Of course I did, and we talked about it quite a bit. It's a need-to-know as a filmmaker. As a journalist, you can't not ask the question that I asked. And I feel like he's pretty media-savvy. He's very brilliant, and I think he's fully capable of giving consent. He was very clear that he was answering the question from his own perspective and not from within al-Qaeda. He distanced himself from it, and I think that is very clear in his response to the question.

The Oath won a cinematography award this year at Sundance. What was your approach to making a "cinematic" documentary?

We did want to make it cinematic -- it's a story. We really wanted a novelistic quality of the storytelling and these reveals and reversals and mysteries. It was very intentional.

I've read you were also influenced by Don DeLillo.
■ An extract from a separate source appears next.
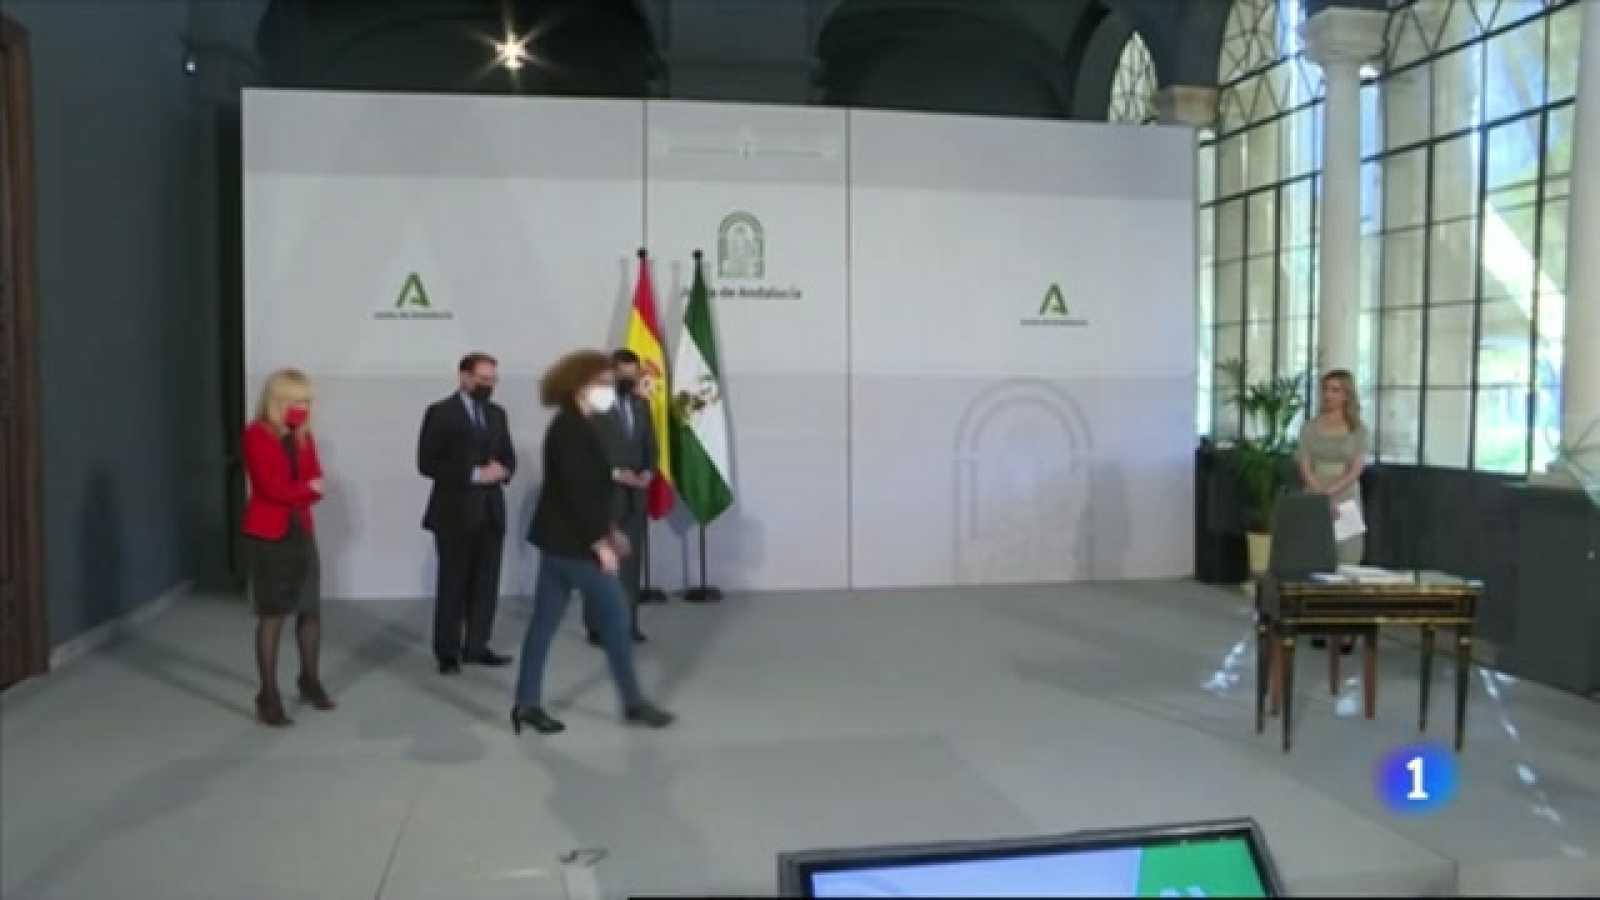 Noticias Andalucía - 730 millones de euros para los sectores más afectados - Ver ahora

I had read Underworld twice. There's some kind of a dialectical relationship between primary documents and crafting a story that I love in his work. I think we felt the same way about this. There are some really pivotal primary documents that locate the protagonist in history -- and the history of 9/11. We wanted those to really resonate. I mean, we've all seen archival footage of bin Laden and the camps, but they sort of bounce off of you. We wanted to embed these primary documents within a story so they have greater weight and meaning and significance. For instance, Salim Hamdan is driving, and you hear his voice. It's pretty mind-boggling: This is someplace in Afghanistan; there's a Western journalist in a car who's blindfolded; and there's a conversation unfolding in Arabic, and it's Salim Hamdan. It's pretty extraordinary.
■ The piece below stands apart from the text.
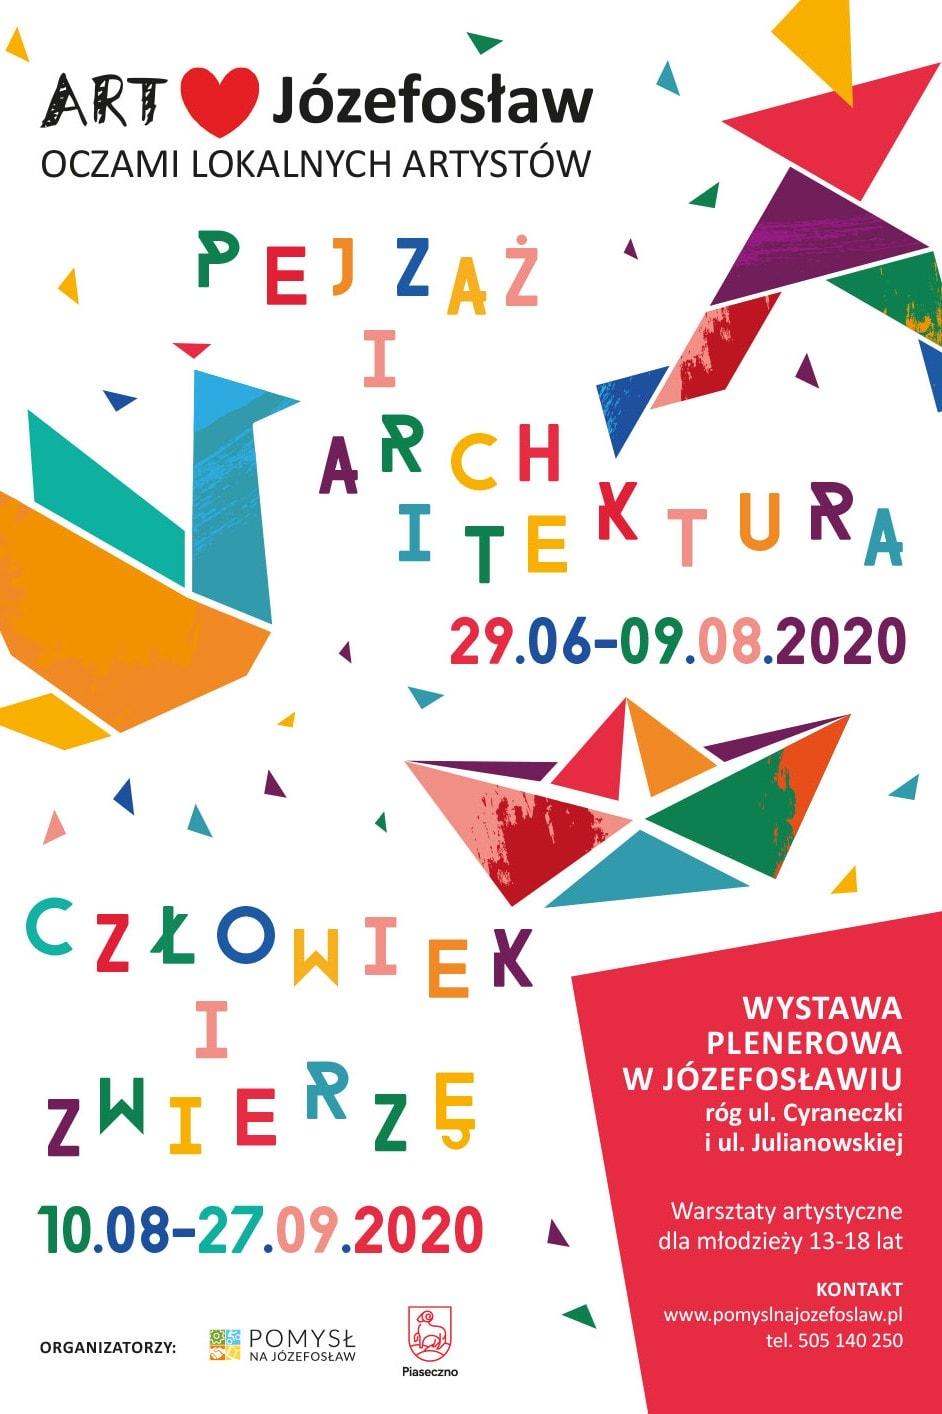 plakat wystawy Art Love Józefosław

Whether its Flag Wars or The Oath, the durations of your shoots often last for years. Is that just a byproduct of the specific stories you're telling, or is that time you prefer to take to tell a story?

I think if you look at most documentaries -- with the exception of Alex Gibney's, who seems to make films faster than everybody else, and whose work I have great respect for -- it takes most of us more than year to make a movie. Tw
o years, you're at a pretty good clip. My Country, My Country I did in a year and a half; this one I did in two years. That's a relatively fast turnaround given the fact that stories take time to unfold, and most feature-length documentaries are edited for six months at least -- if not a year or longer. So it kind of goes with the territory to take this much time.
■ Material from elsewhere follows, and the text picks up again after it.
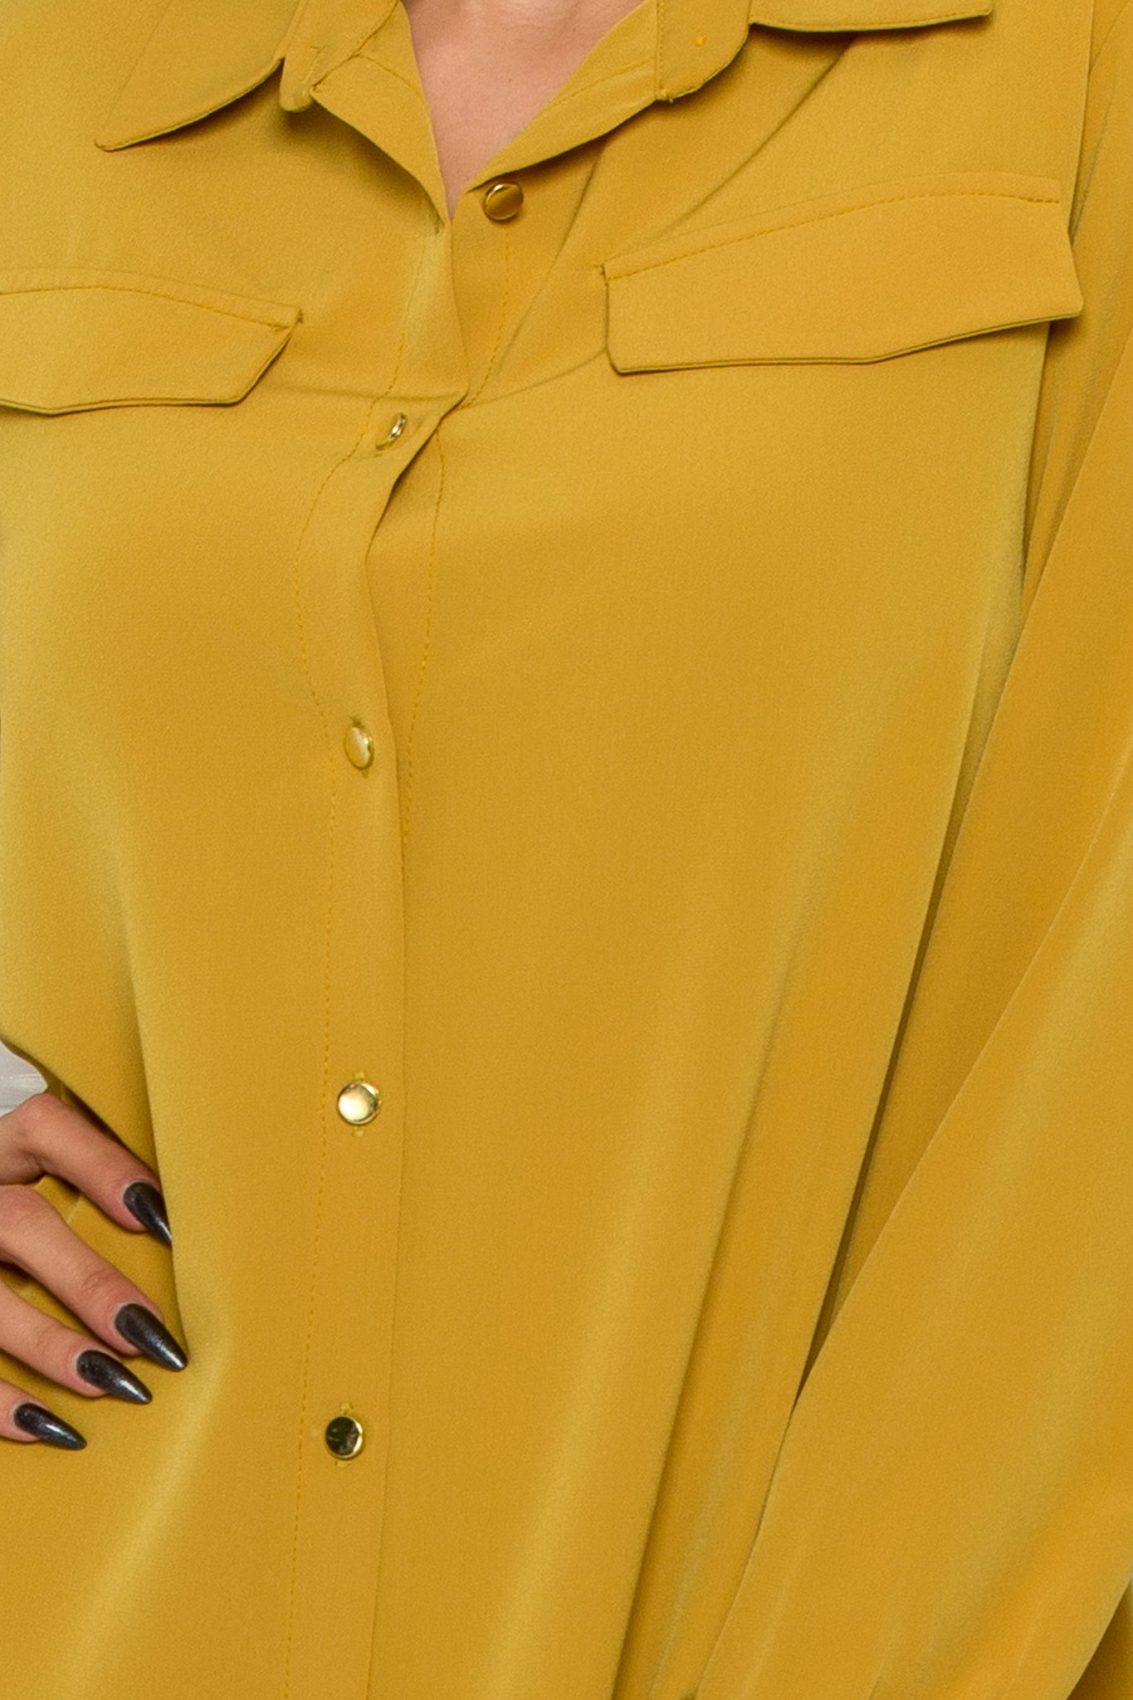 Κίτρινο Φόρεμα Πουκάμισο Μεγάλα Μεγέθη Kandy 9525 3

And I do think that in the dwindling absence of investigative journalism, it's great to have this work out there. I mean, I think Alex's film [Casino Jack and the United States of Money] is extraordinary. We know about Abramoff, but seeing it condensed -- this blatant corruption and criminal activity that's happening in Washington? You see it took the investigative journalist to point this out and create the outcry. As those resources for investigative journalism are dwindling, I think that documentary filmmakers are coming in and taking up some of the slack. We hear these sorts of reports about it, but when something is consolidated into a narrative drama, I think our relationship to the information reaches us on a more emotional level. I think sometimes that's necessary to create a public outcry.

After My Country, My Country and The Oath, you have one more film remaining in a planned trilogy about the aftermath of 9/11. What will that be?

The next part of the trilogy I want to shoot in the U.S. I'm still doing some research into what the focus will be. I've expressed interest in the 9/11 trials, which are happening in federal court on U.S. soil. I think that's an important historical moment. Again, I think an important part of this work is creating primary documents -- rather than focusing on the ideological debate around these issues, to actually create primary documents and see how things are playing out on the ground and how people are actually living through these times in a direct way. So I'm interested in the 9/11 trials, I'm interested in domestic surveillance and various other themes. But I'm not sure yet.